- Task prompt: Return the listing below unchanged, but without pictures.

- Information supplied:
((

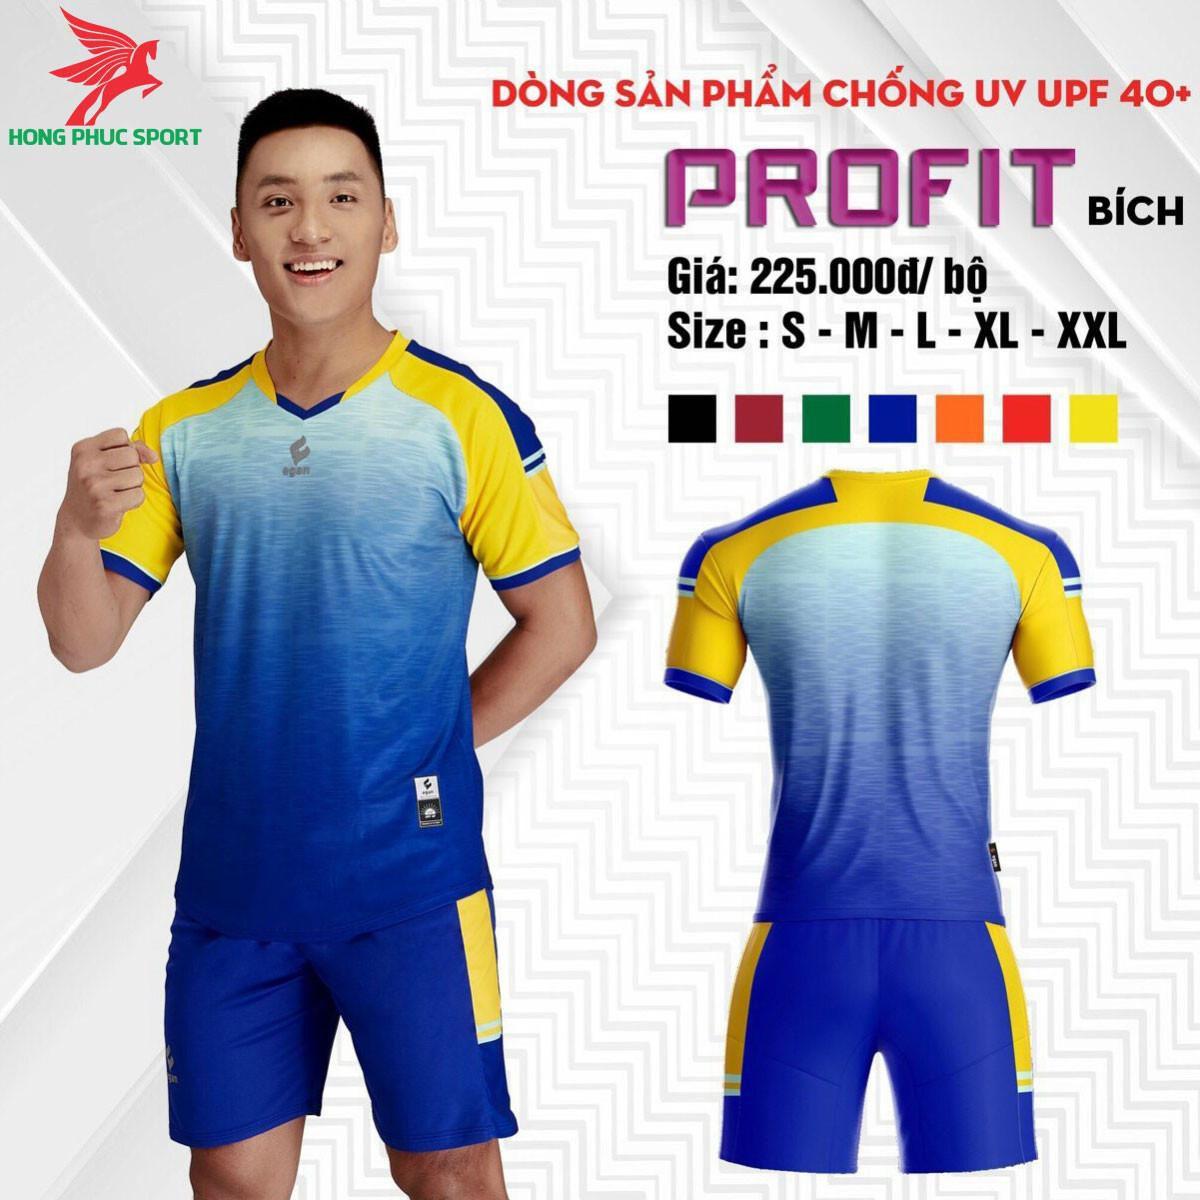 https://cdn.hongphucsport.com/unsafe/s4.shopbay.vn/files/285/ao-da-bong-khong-logo-egan-profit-mau-xanh-bich-6050664a3e1c4.jpg
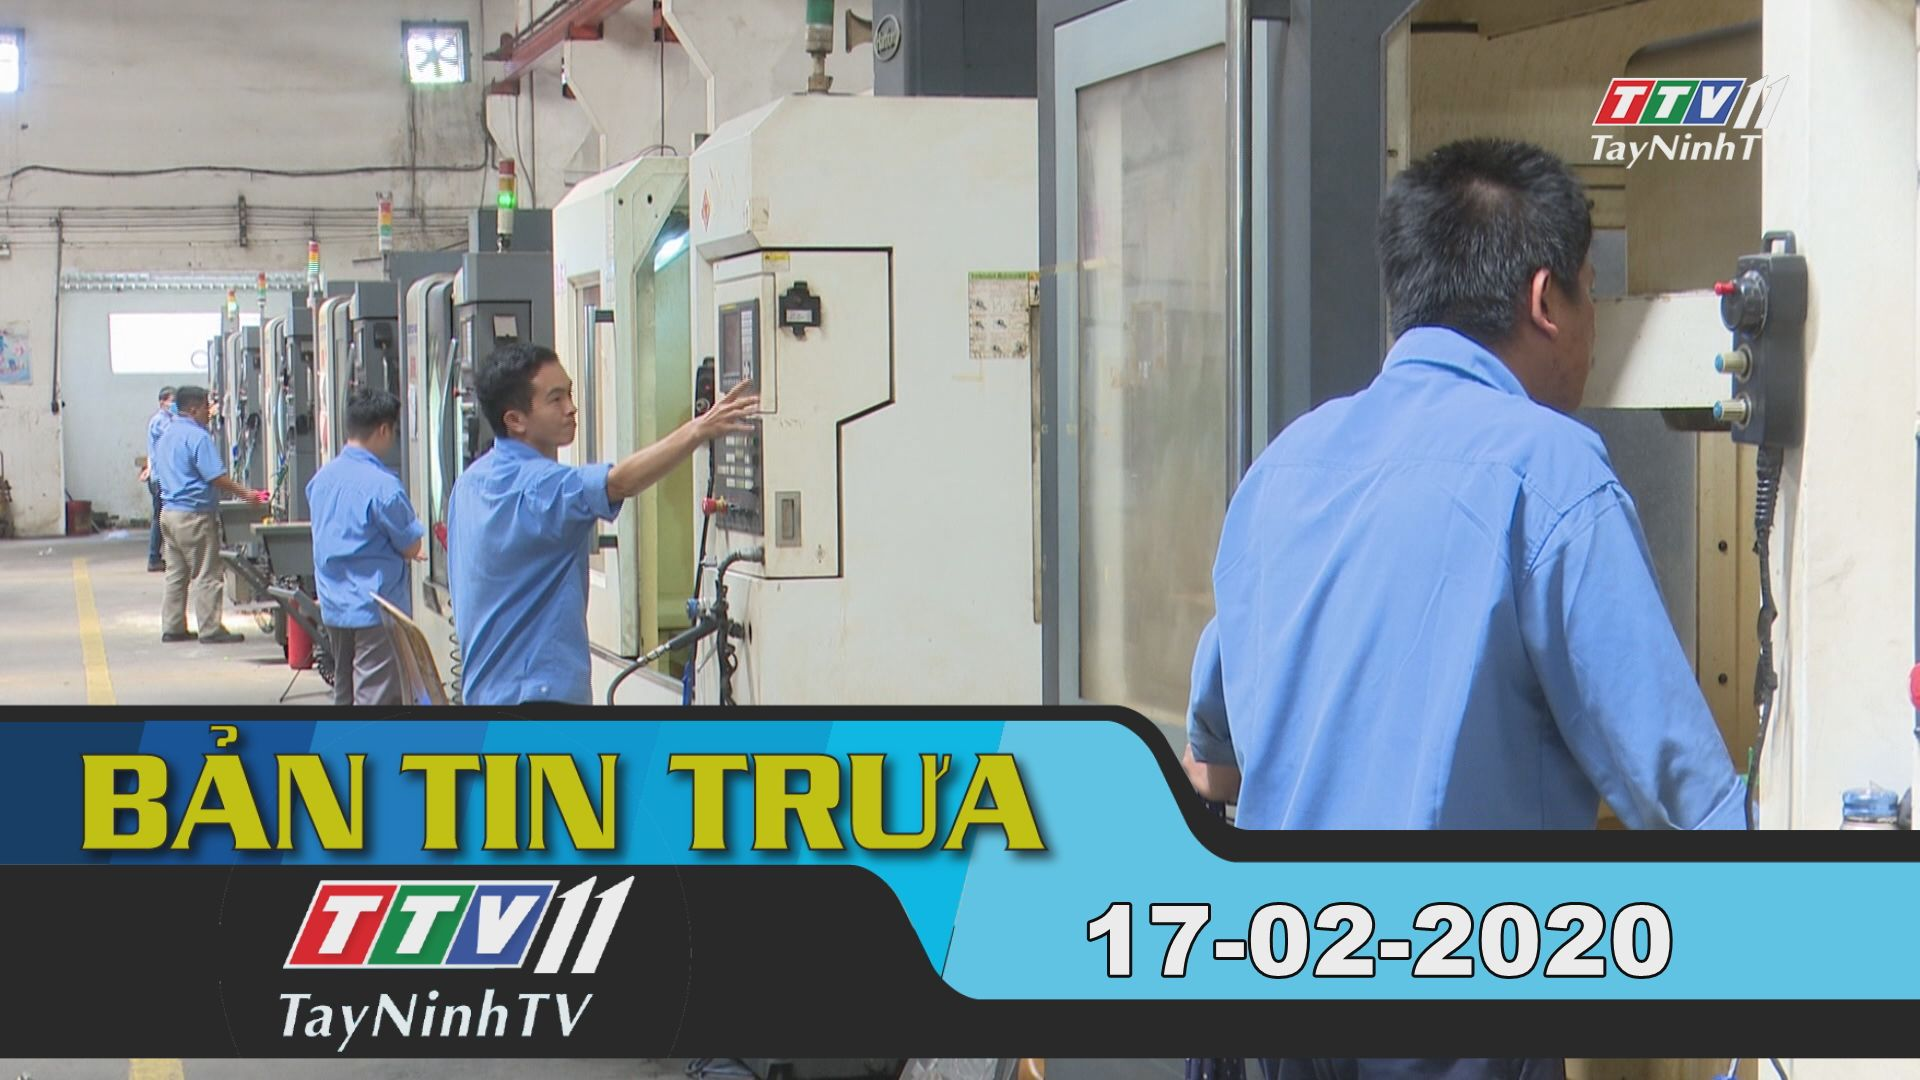 Bản tin trưa 17-02-2020 | Tin tức hôm nay | TayNinhTV
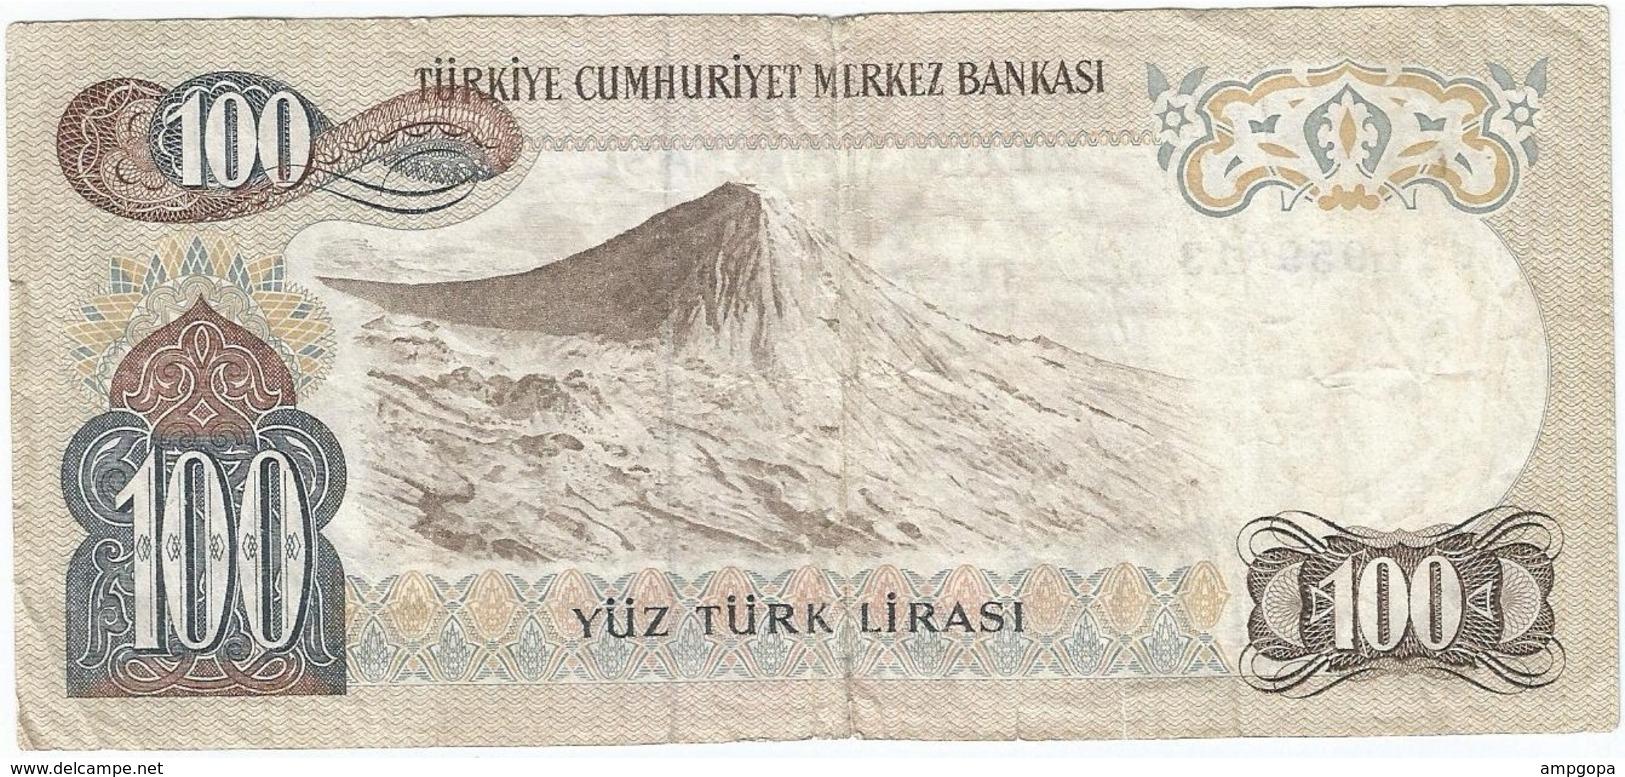 Turquía - Turkey 100 Lirasi 1983 Pk 189 C Firmas Siklar-Haseki Ref 475 - Türkei

))

- Exercise solution:
 https://cdn.hongphucsport.com/unsafe/s4.shopbay.vn/files/285/ao-da-bong-khong-logo-egan-profit-mau-xanh-bich-6050664a3e1c4.jpg
 Bản tin trưa 17-02-2020 | Tin tức hôm nay | TayNinhTV
 Turquía - Turkey 100 Lirasi 1983 Pk 189 C Firmas Siklar-Haseki Ref 475 - Türkei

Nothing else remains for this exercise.